In the case of severance, it’s not that the technology doesn’t work it’s that it creates unintended consequences. For example, while work and home memories remain completely separate and don’t bleed into each other, the innies (work selves) develop distinct personalities with separate agendas from their outies (home selves). The main character, Mark S. (Adam Scott), seems to be an ideal employee who has accepted the severance procedure and lifestyle fairly easily. All that changes however, when two incidents (spoilers ahead) happen on the same day that change Mark S. forever: one, his best friend Petey (Yul Vazquez) at Lumon suddenly disappears; and two, a new employee Helly R. (Britt Lower) is assigned to their unit whose only motivation in life (it appears) is to escape their Kafkaesque prison. The plot thickens when we eventually discover that Helly R. is the granddaughter of Lumon founder, Kier Egan, and her outie is the face and spokesperson of the severance procedure for Lumon (which they want to start performing on children). The real enemy of Helly R. then, is herself (literally). Ultimately, “Severance” becomes a battle between innies and outies, as innies try to warn their outie selves about the evils of severance while it appears that their outie selves have little to no interest in changing their circumstances. Can you imagine enslaving yourself, only to believe that you’re not a slave? That’s the provocative question “Severance” poses to the audience. Frankly, I wouldn’t be surprised with the emergence of computer/brain interface technologies currently being developed, if a device like severance wasn’t already in the works. A chilling thought. 

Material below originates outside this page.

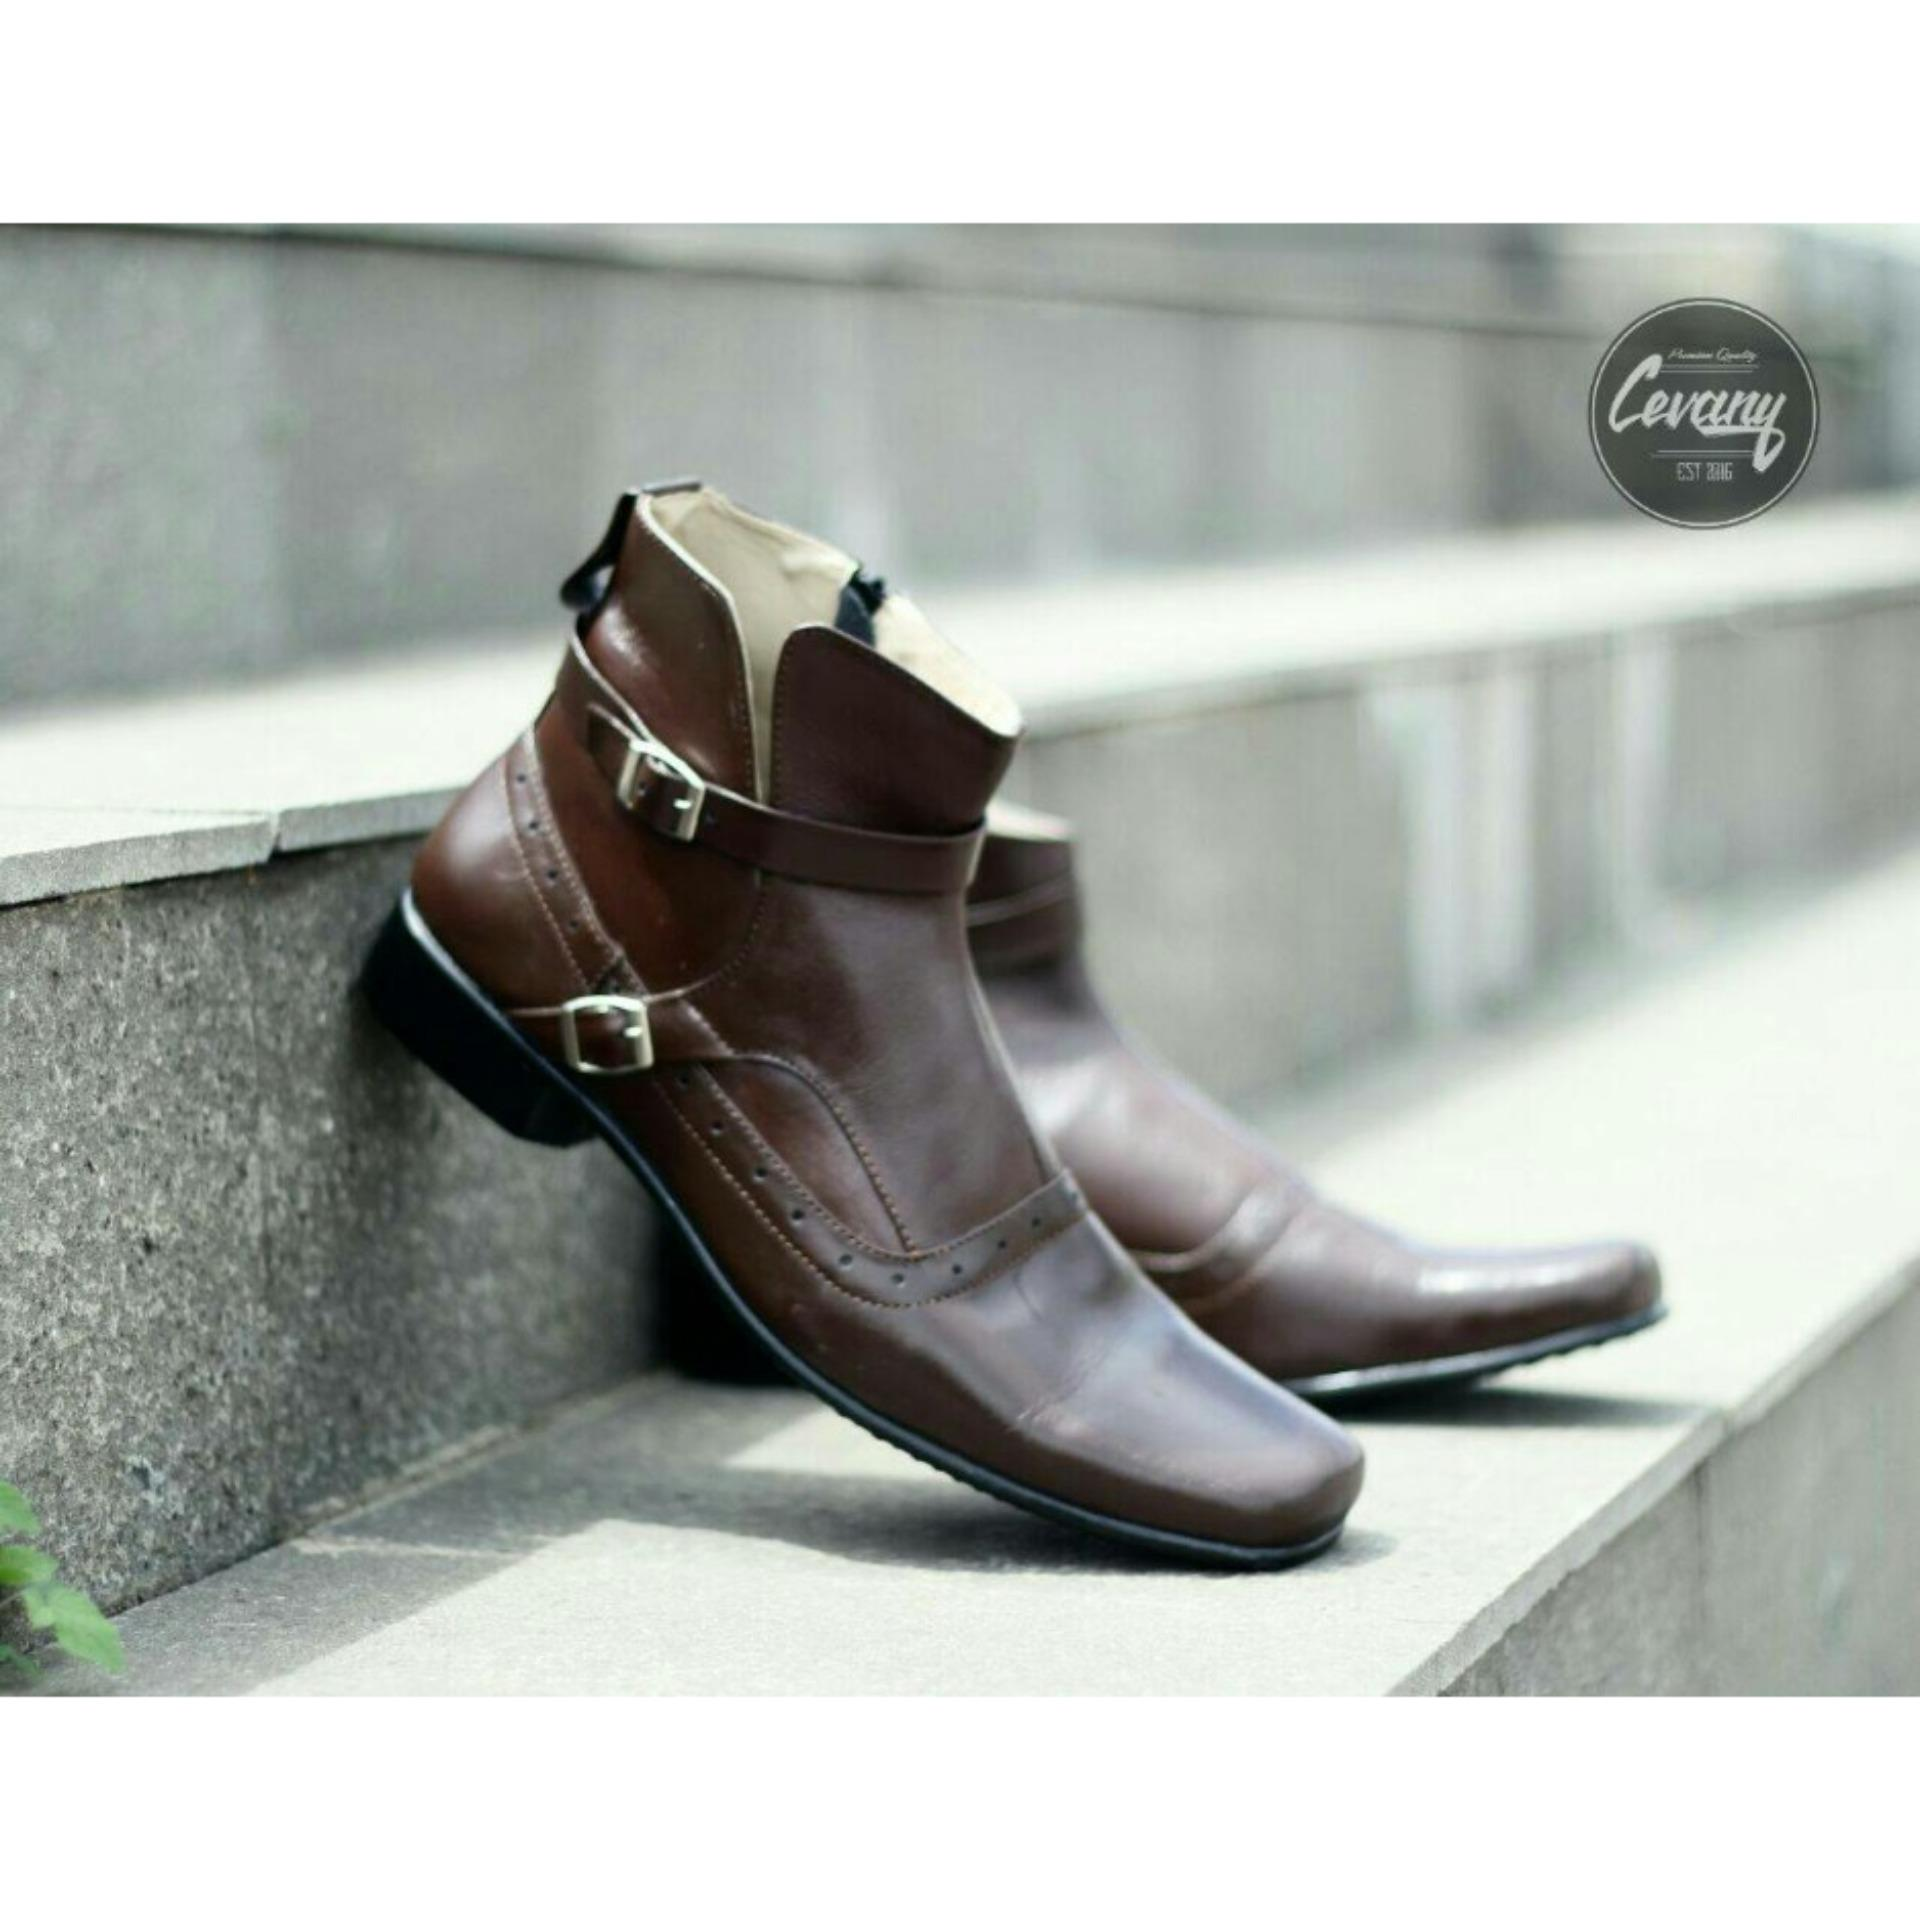 Fitur Cevany Leather Shoes Man Formal Elegan Sepatu Pantofel Kulit Pantopel Veil Asli Orginal Premium Quality

Director Ben Stiller, who has probably never worked an office job one day of his entire life, absolutely nails that oddly benign but silently threatening work environment of corporate life in America (and elsewhere): the beige smiles, the uncomfortable closeness of strangers, and the constant feeling of surveillance. Stiller effectively conveys the panoptic prison-like atmosphere through the clock-work routines, the endless identical bad-dream hallways, and the bizarre carefully monitored reward system of finger traps and waffle-parties (don’t ask, it’s really weird yet makes total sense). If you’ve ever worked in soul-sucking corporate cubicle land, let me warn you, I had more than a few flashbacks to my younger days in office prisons watching “Severance”. But it’s not just the set-design, or the script, or the cinematography, or the excellence of the acting that makes “Severance” so good, it’s how all the elements come together seamlessly to create a perfect horror series that looks about as scary as a coffee mug. Truly outstanding work, I highly recommend you watch it!